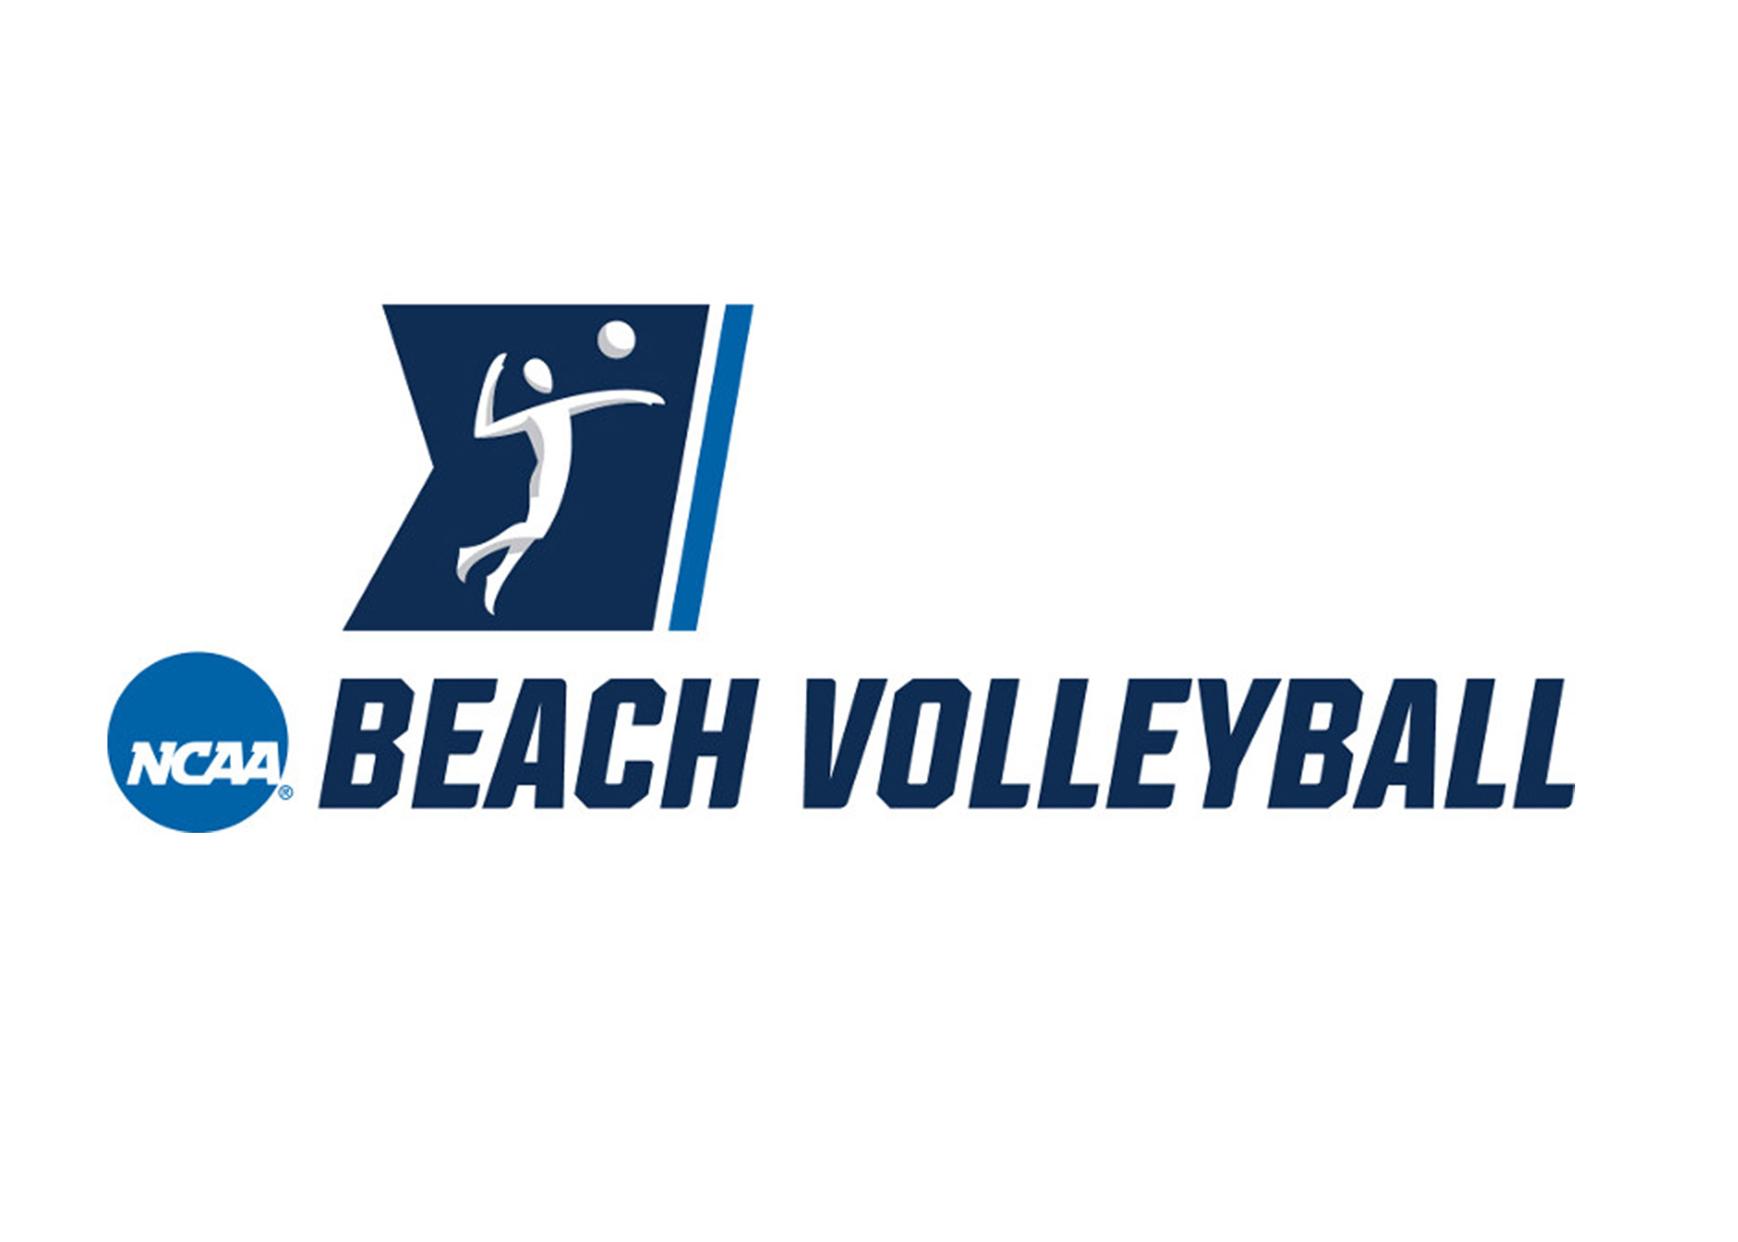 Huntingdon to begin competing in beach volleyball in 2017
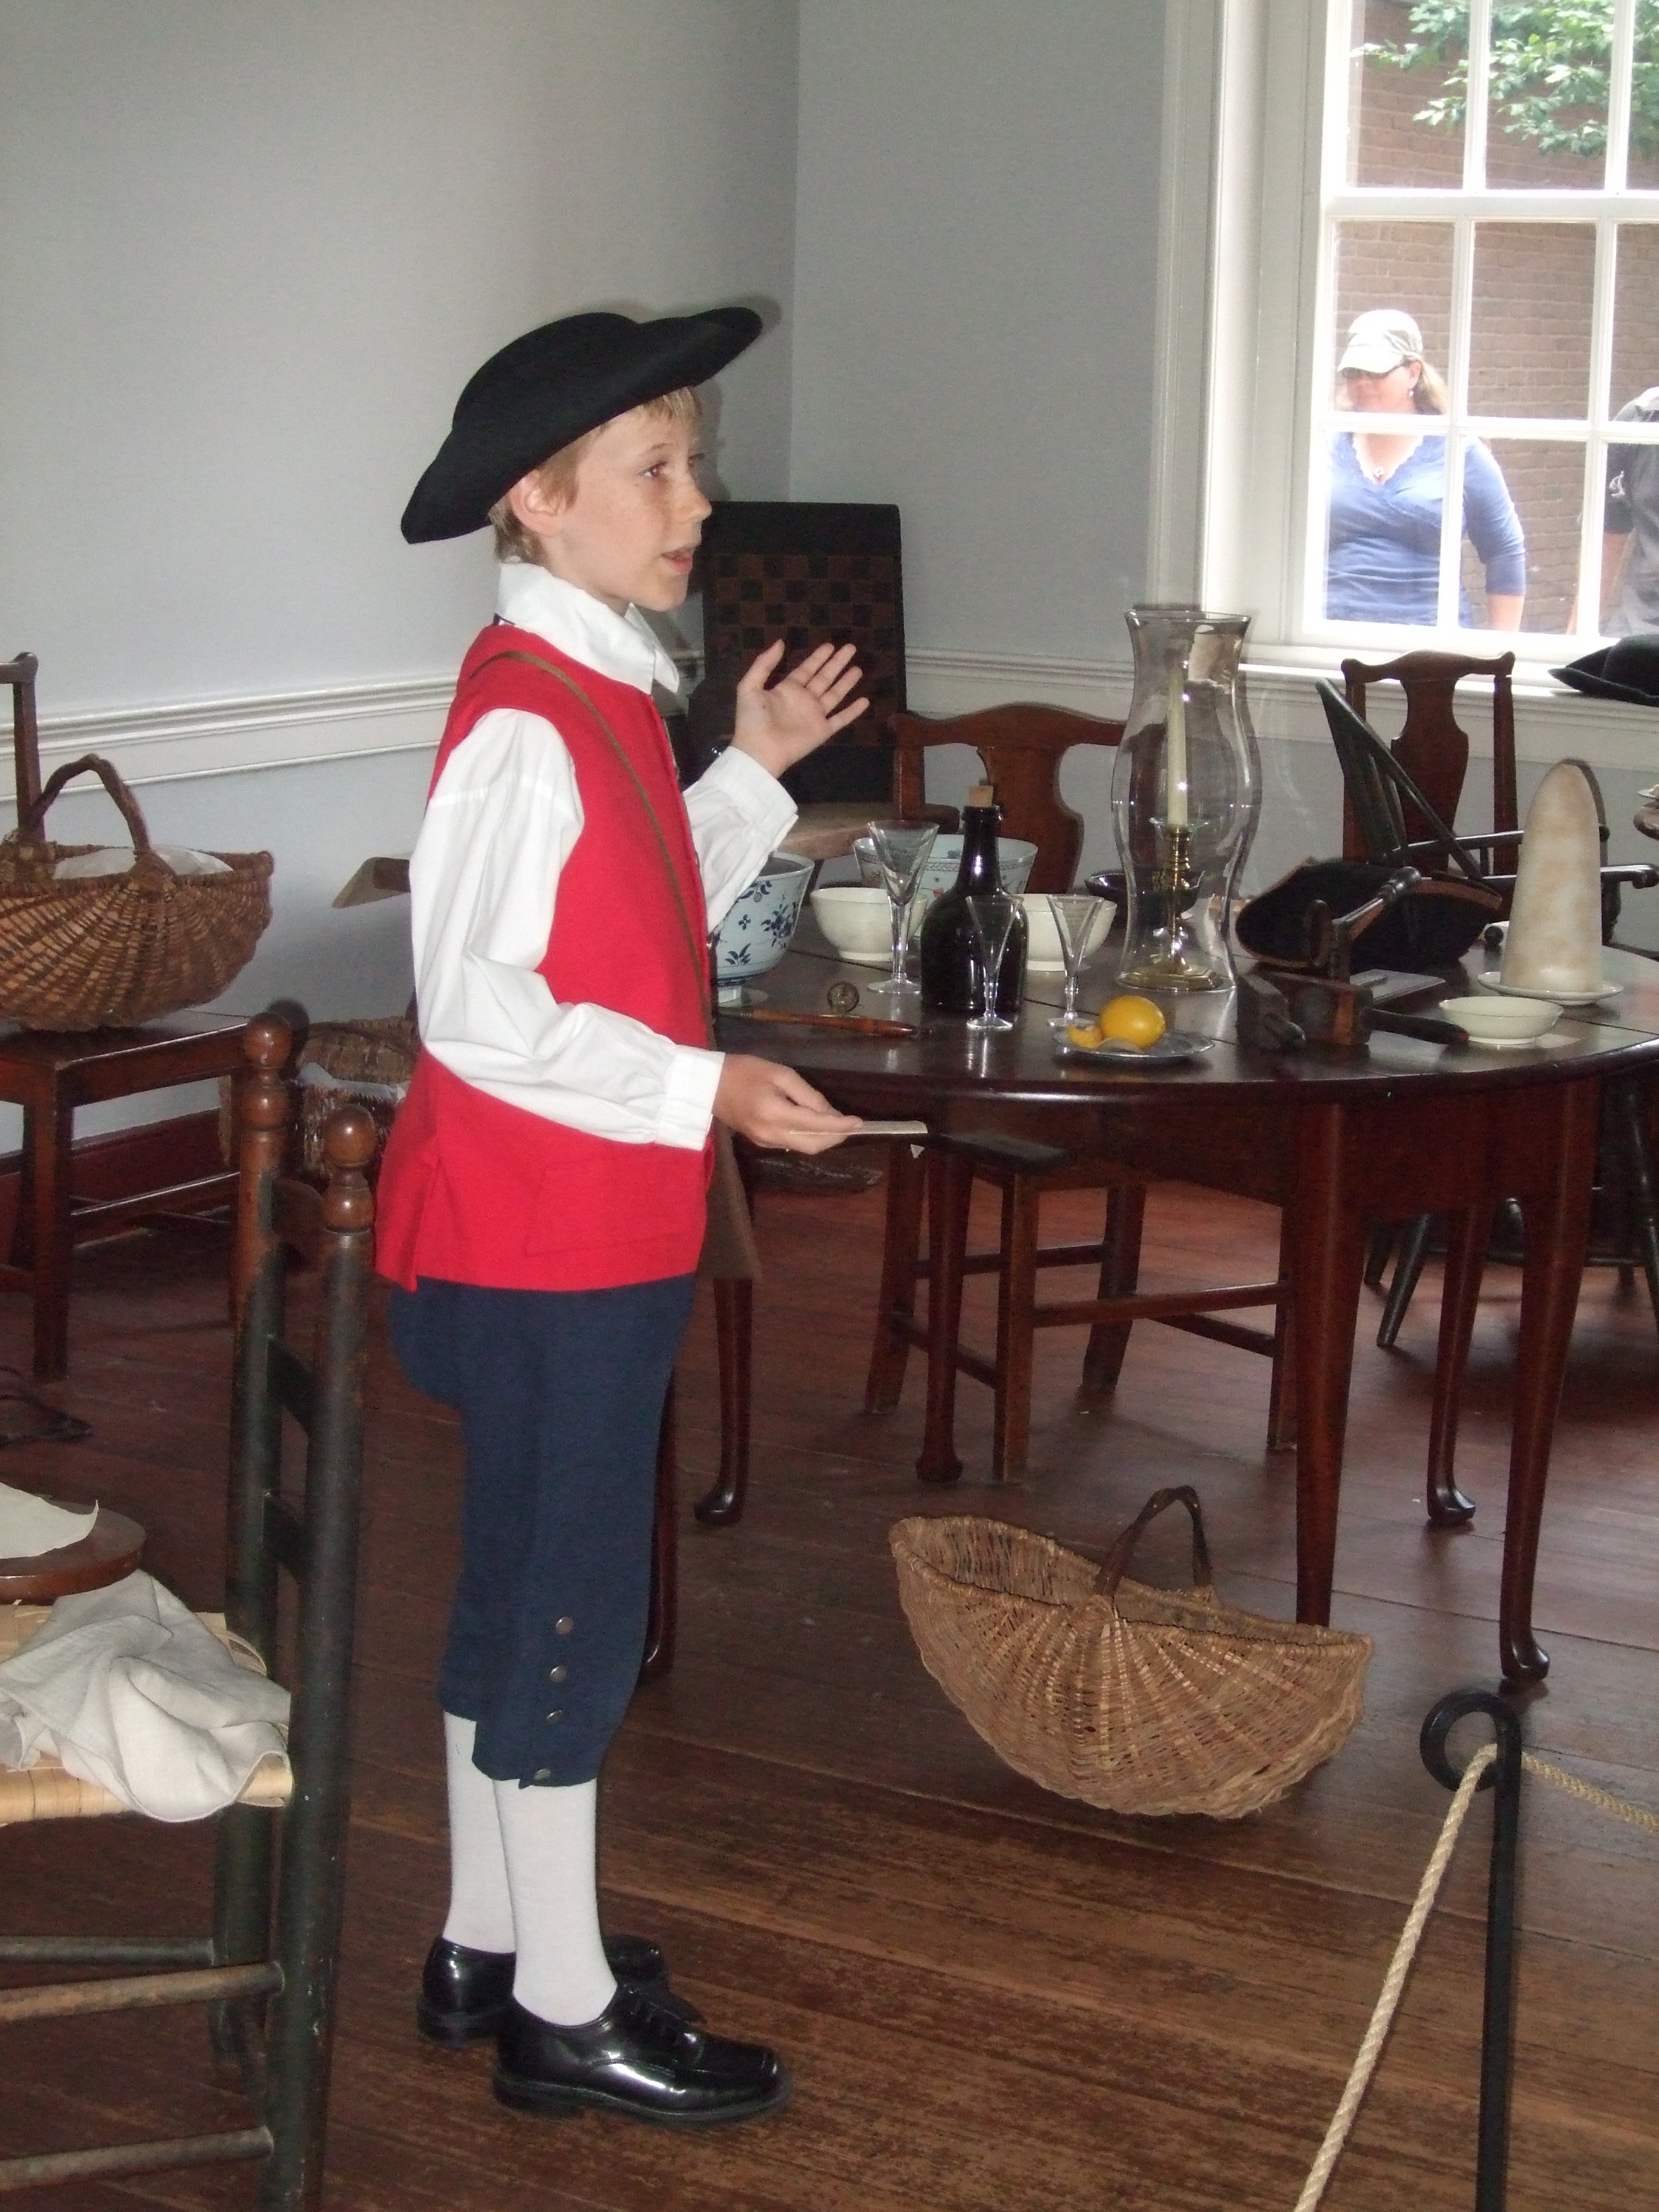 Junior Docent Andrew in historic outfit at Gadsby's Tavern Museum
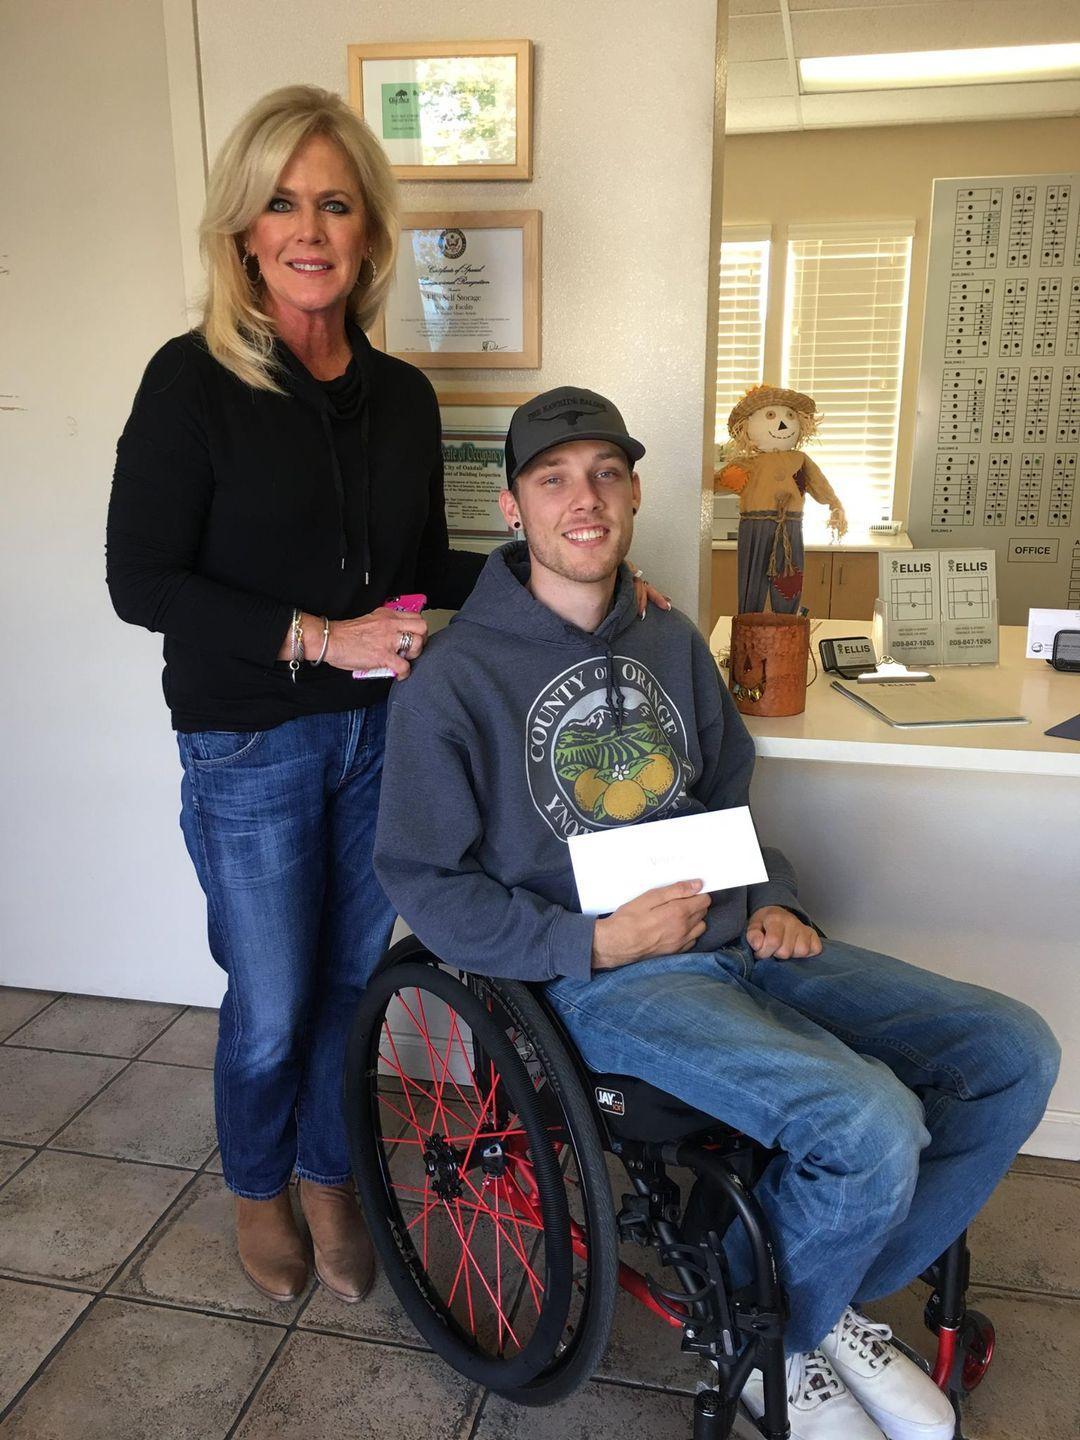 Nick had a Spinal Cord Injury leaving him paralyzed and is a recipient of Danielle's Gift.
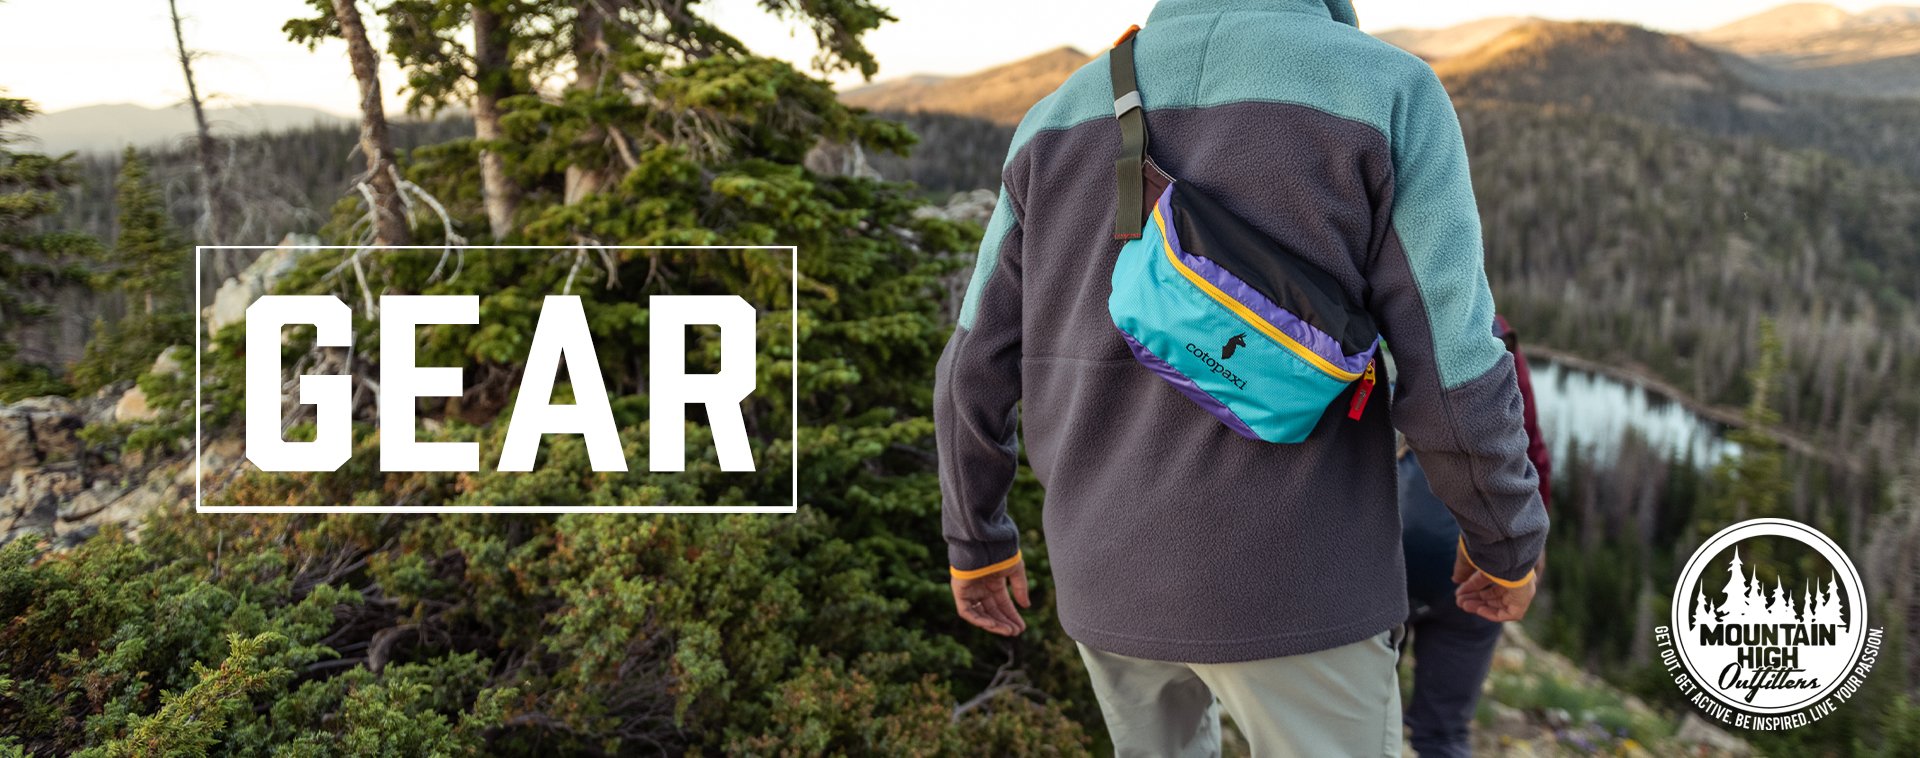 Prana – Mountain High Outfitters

Exercise description. Please print all the lines above exactly as given and leave out every picture.

Response.
 Huntingdon to begin competing in beach volleyball in 2017
 Junior Docent Andrew in historic outfit at Gadsby's Tavern Museum
 Nick had a Spinal Cord Injury leaving him paralyzed and is a recipient of Danielle's Gift.
 Prana – Mountain High Outfitters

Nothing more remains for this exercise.